摘下了面具,面具之下的脸正是被他们通缉的女人。
他尚未反应过来,沈惊春就已转身跑开。
“站住!”他一惊,来不及联系其他人,赶紧拨开人群追了上去。
他追着沈惊春到了一处胡同,却不见了人影。
他拔剑警惕地四处张望,忽然他注意到脚下猛然多了一道阴影。
刀剑相撞发出铿锵的声音,甚至迸发出耀眼的火花。
沈惊春特意收敛了力度,使那人产生自己略逊于他的错觉,男子果然认为她不济自己,剑舞得更快。
凌厉的剑风不经意划破沈惊春的衣袖,泣鬼草从里面滑落,沈惊春脚尖轻点,踏着屋檐飞跃不见。

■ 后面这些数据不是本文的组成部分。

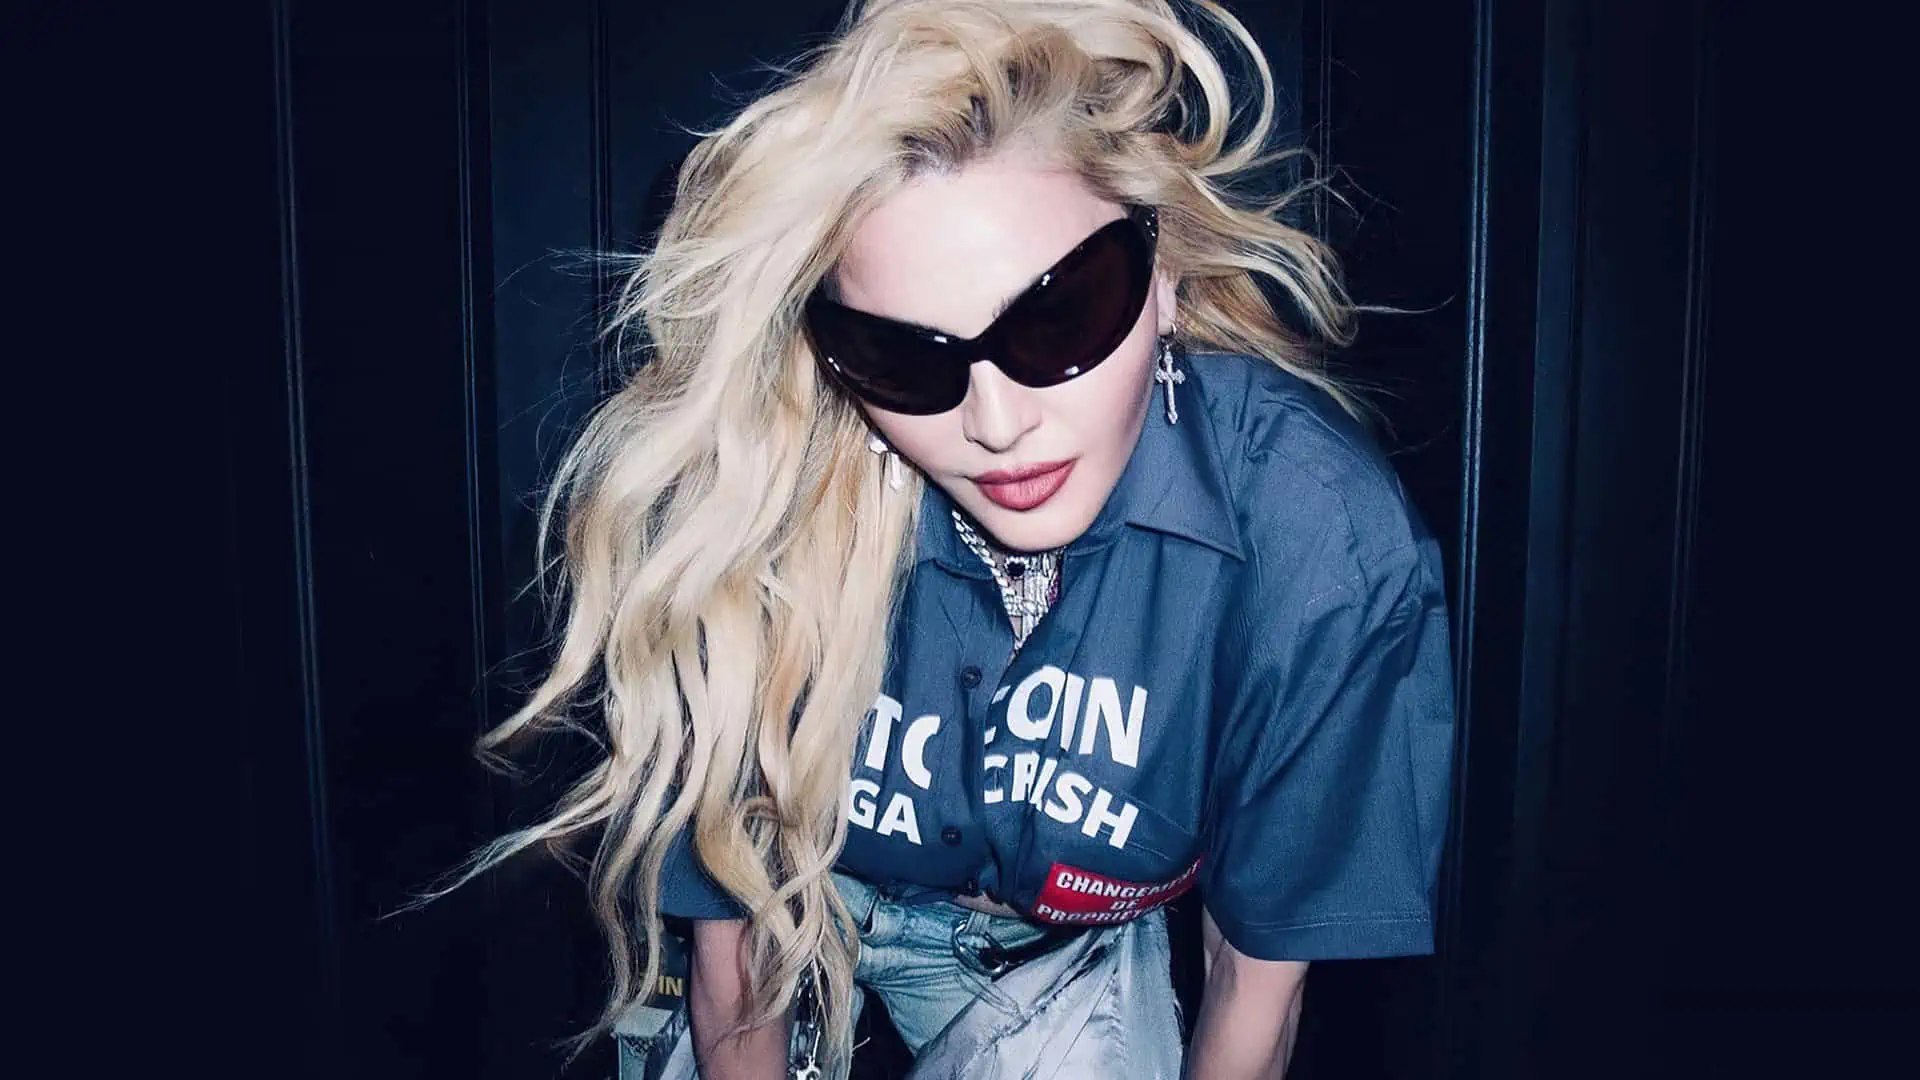 Madonna leans towards the camera with her hair down and wearing oversized sunglasses

男子正欲去追,脚下却踩到了东西,他低头一看不禁大喜过望。
他捡起泣鬼草,得意地在心里嘲笑起她,也不再去追,带着泣鬼草回去了。
“啧,这衣服可花了我不少灵石。”沈惊春心疼地摩挲被划破的衣袖。
计划完成,沈惊春重新戴上傩面,准备跟踪刚才的男弟子,想看看衡门弟子到底和花游城城主做了什么交易。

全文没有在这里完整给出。